Re: New Variable creation: After or before original data cleaning?

Shashank7 · Posted 01-17-2018 12:51 PM

Hi,

I am trying to perform k-means cluster analysis on a dataset with 20 variables and 9000 observations. I want to create 2 new variables (Usage and Payment Ratio) using 4 (Balance, Limit, Payment, Minimum Payment) of the 20 variables in the dataset. Ex: Usage = (Balance/Limit) and Payment_ratio = (payment/minimum payment). This is because of the fact that I would now have to use 2 variables in my analysis as compared to the original 4 variables. Now, should I make these new variables at the start itself, or should I first cap the outliers, remove/impute missing values and then create these 2 new variables?
I tried to first clean the data (with original variables) and then created these two variables. Then I also capped the outliers and treated missing values again for these 2 variables. After doing this, these 2 new variables are skewed and I tried taking log, sqrt etc but the variables are still not normal i.e there is still skewness in these variables. Should I go ahead and do Factor Analysis taking the new skewed variables? If not, how should I transform these 2 variables to minimize their skewness?

Can anyone please suggest a way to go about this? Thanks.

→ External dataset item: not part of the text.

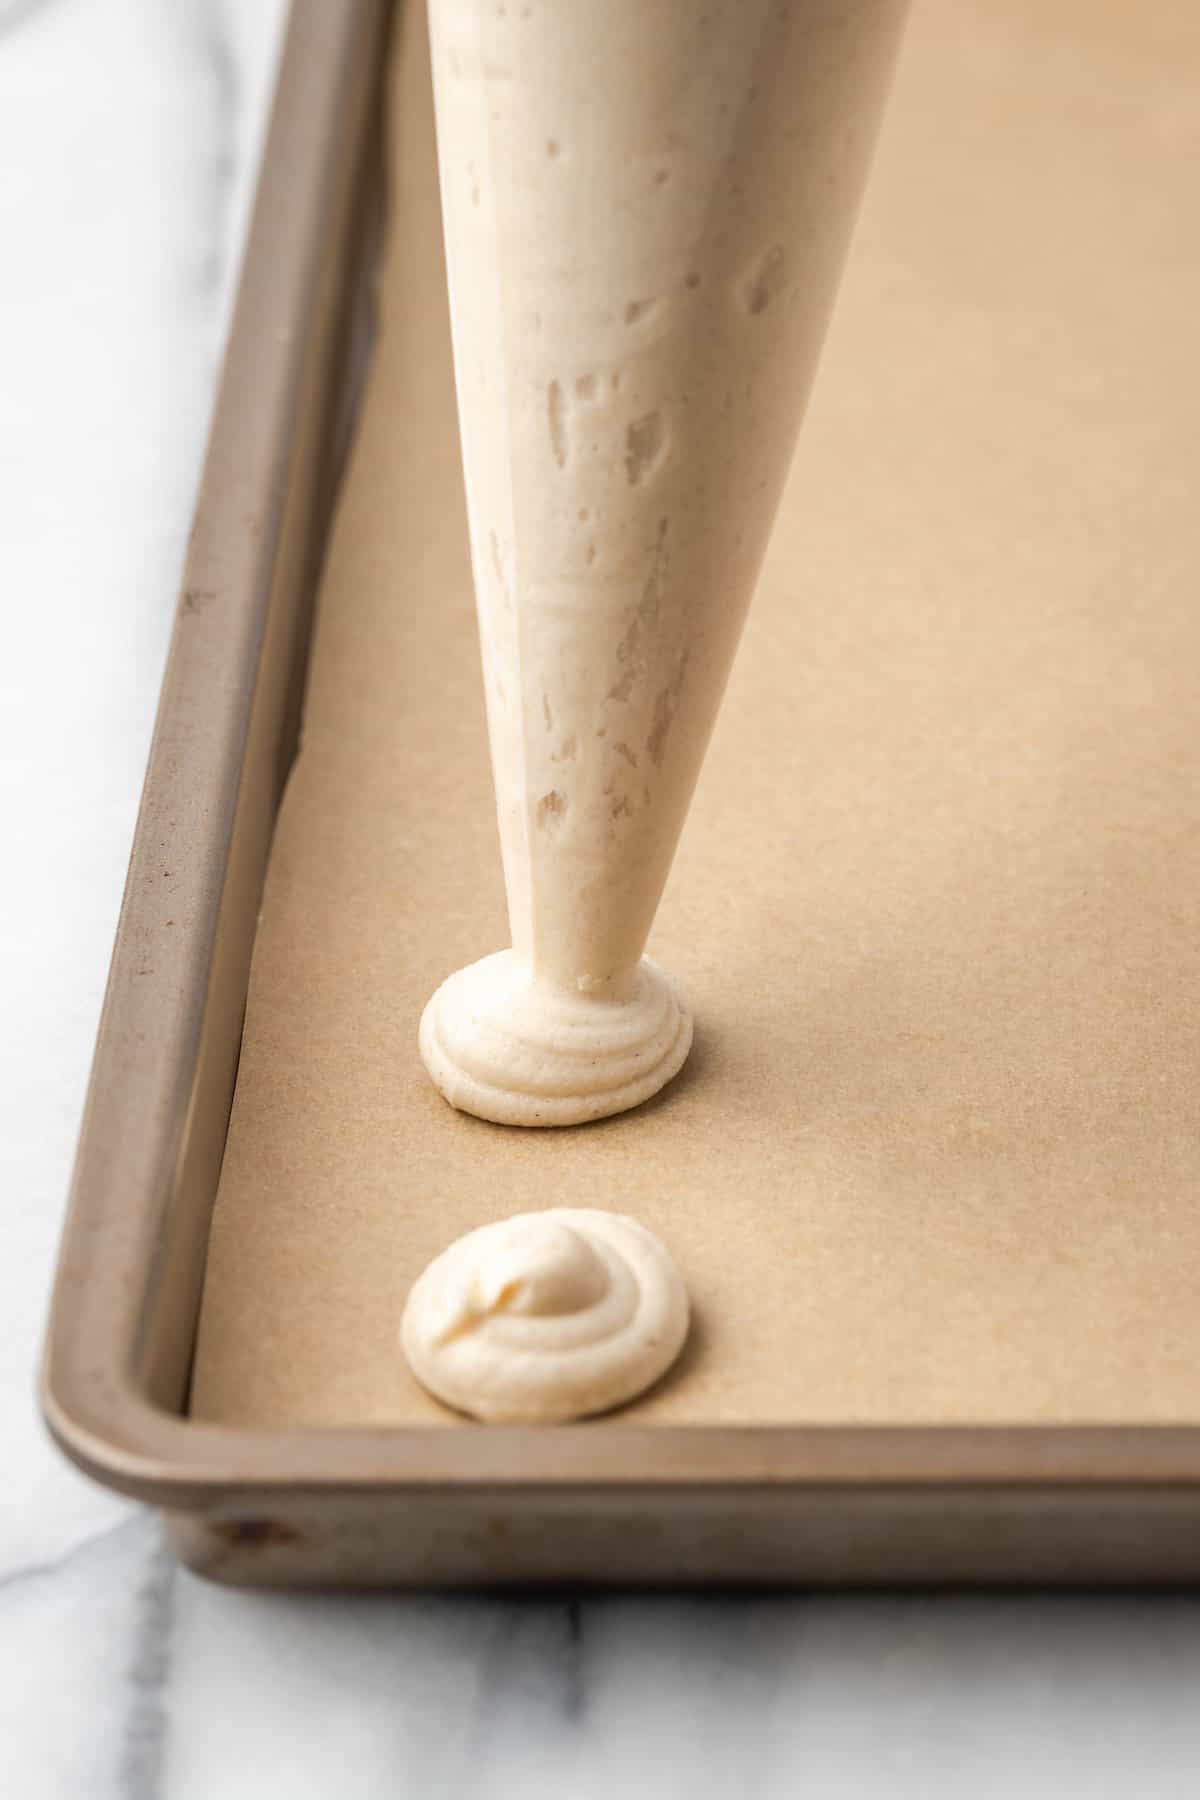 A piping bag pipes swirls of gluten-free wafer batter onto a lined baking sheet.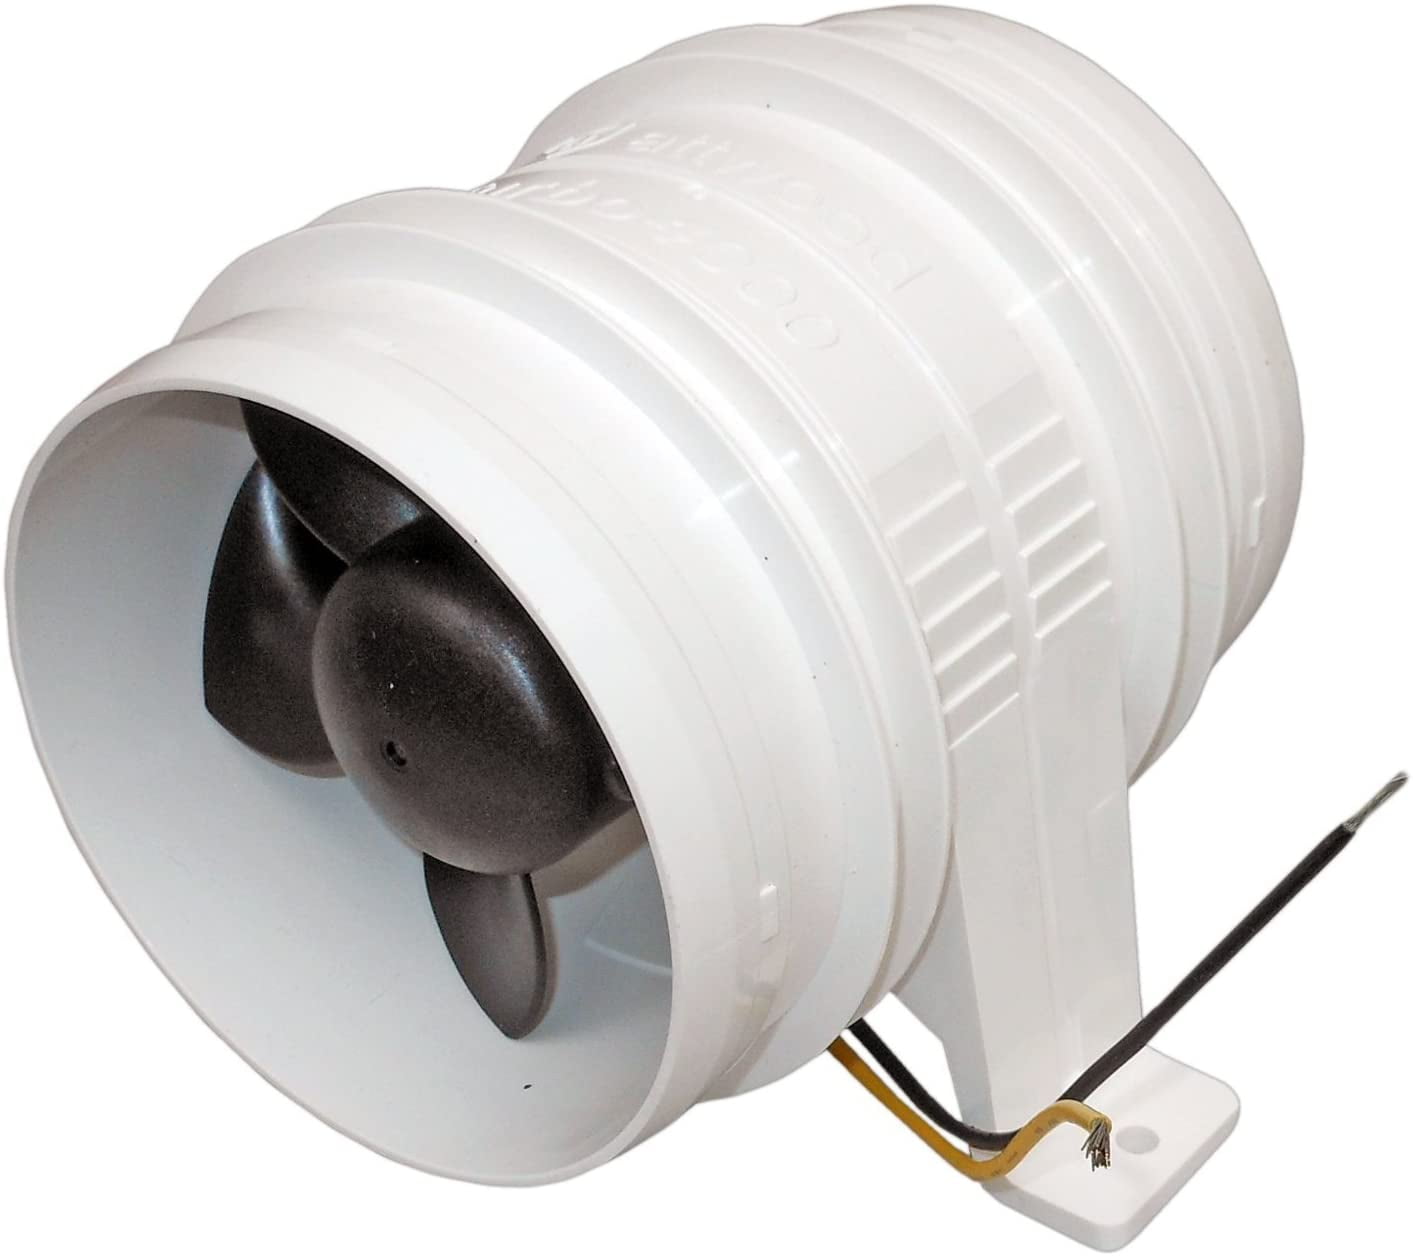 1749-1 Attwood Turbo 4000 In-Line Blowers White 4 inches FO-2836

Reeza · Posted 01-17-2018 01:08 PM

Create the variables and then clean your data.

In general, you should usually 'clean' your data before analysis. I'm in the camp that doesn't necessarily believe in capping outliers, because they're often the most interesting portion of the data. The reason, I'm saying create the variables and then clean the data,

is because it makes it easier to see issues in your data and can help you detect irregular data points.

Shashank7 · Posted 01-17-2018 02:44 PM

Hi Reeza, I created these two variables before doing anything and then checked their skewness using proc univariate (histogram), I noticed that both of the newly created variables are extremely skewed. Tried to tansform these variables by taking log, square root etc. but the skewness is still there (although it minimized but did not make the variables normal).

Should I go ahead and simply, cap these new variables (along with all other variables), treat missing values and do FA? If not, how should I transform these 2 variables to minimize their skewness and then cap them and then do FA? 🙂